Critically, Metascape was designed to provide more interpretable and actionable results for experimentalists. The redundancy among ontology terms presents a significant obstacle in result interpretation. The primary strategy adopted by existing portals, as seen in g:Profiler42, WebGestalt8, Babelomics53, and others, is to utilize directed acyclic graph (DAG) or tree structures embedded within ontologies such as GO16 (examples in Fig. 2a, b). WebGestalt provides an option only using a subset such as GOSlim16 to reduce redundancy. However, these strategies are not applicable to reduce redundancies across different ontology sources. Metascape and DAVID6, by contrast, adopt a dynamic clustering solution that avoids the above-mentioned shortcomings. Metascape further simplifies the result presentation via bar graph (Fig. 2d) and heatmap (Fig. 3a) visualizations, compared to DAVID’s tabular presentation (Fig. 2c).
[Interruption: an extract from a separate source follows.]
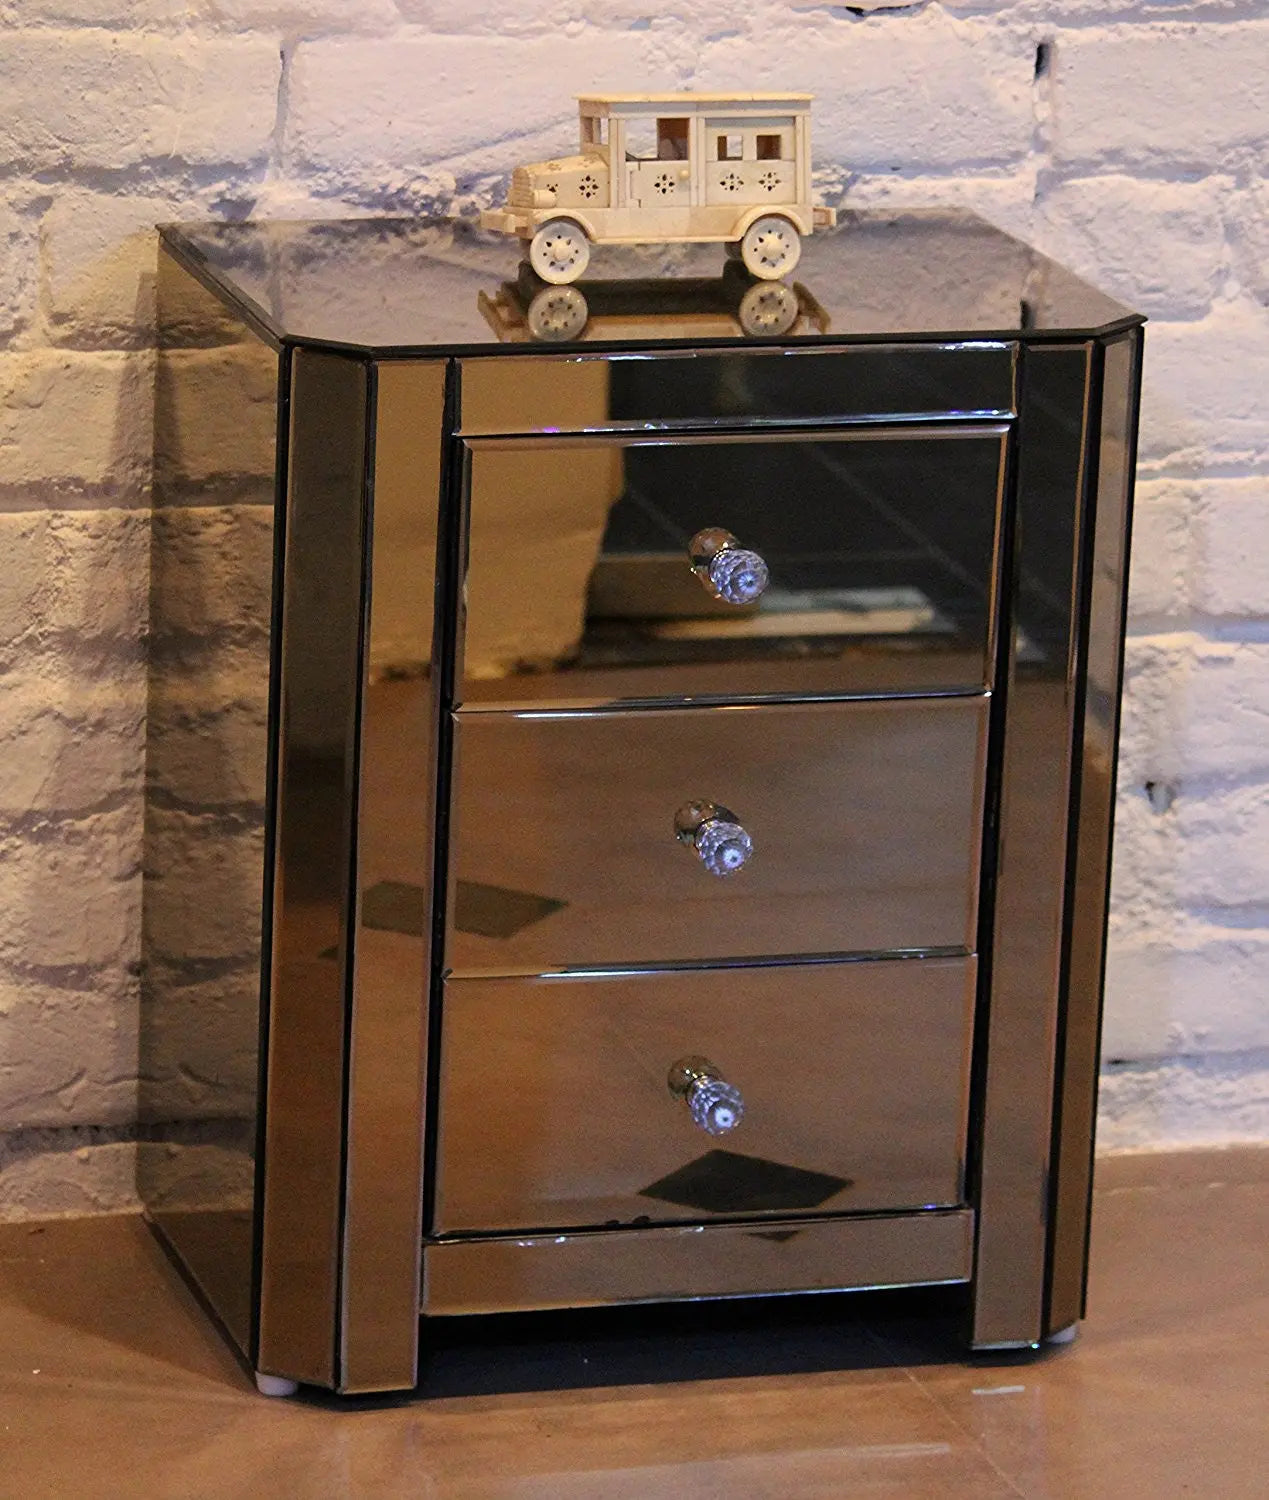 Mirrored Bed Side Table, 3 Drawer , Bronze Coloured Glass, VDMF402
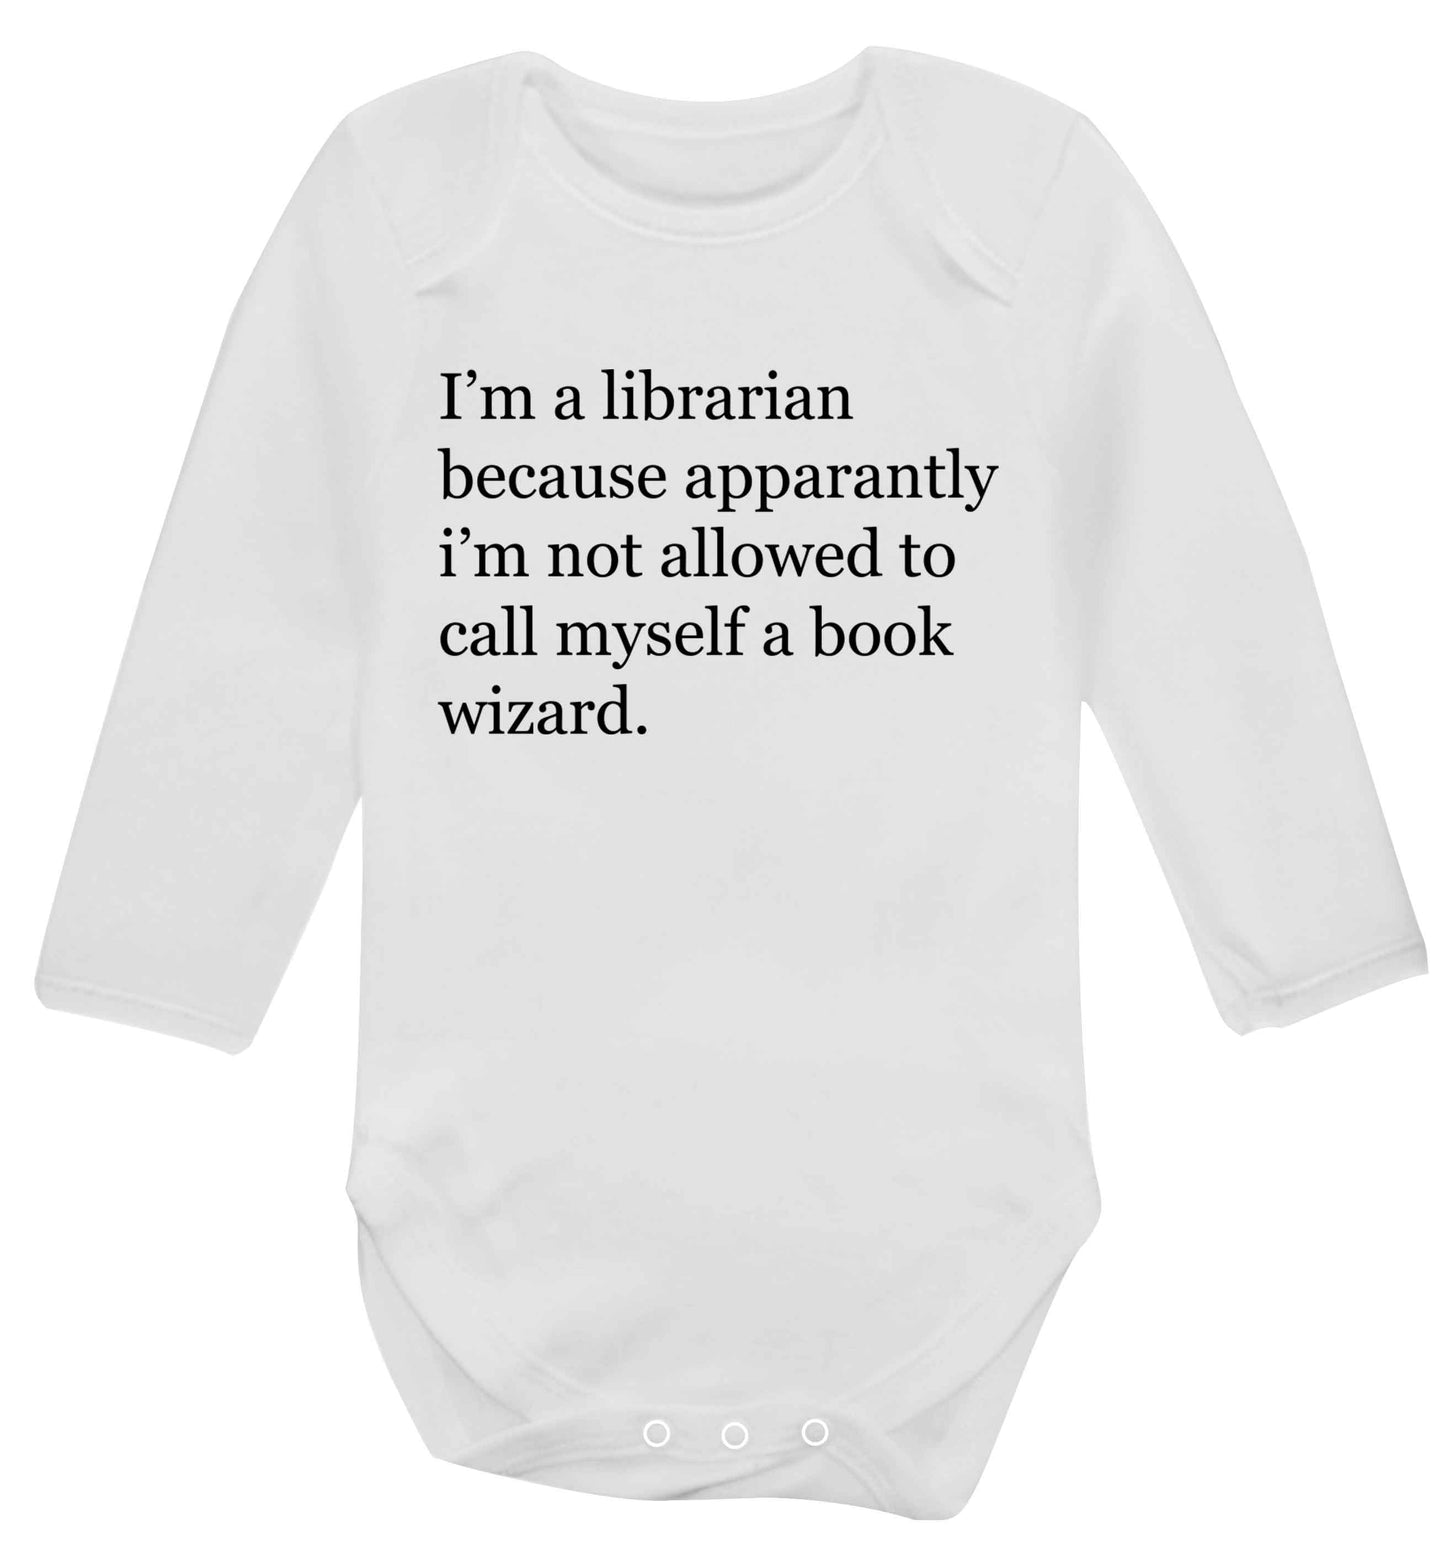 i√ïm a librarian because apparantly i√ïm not allowed to call myself a book wizard Baby Vest long sleeved white 6-12 months

Although p-value is used as the default representation metric for ranking enriched terms, it nevertheless has its limitations. Users may need to consider using alternative metrics, such as the multi-test corrected q-value or the biological context-sensitive enrichment factor. All popular enrichment metrics, including detailed gene counts, are computed and made available for offline analyses. Metascape further enhances the interpretability of analysis results through advanced graphical and spreadsheet outputs, a concise PowerPoint presentation (Supplementary Figure 7), and a journal-style web-based Analysis Report containing additional method descriptions and references (Supplementary Figure 7). Offline analysis is facilitated by a Zip export containing third-party compatible data files, such as the Cytoscape29 and JTreeView57 formats.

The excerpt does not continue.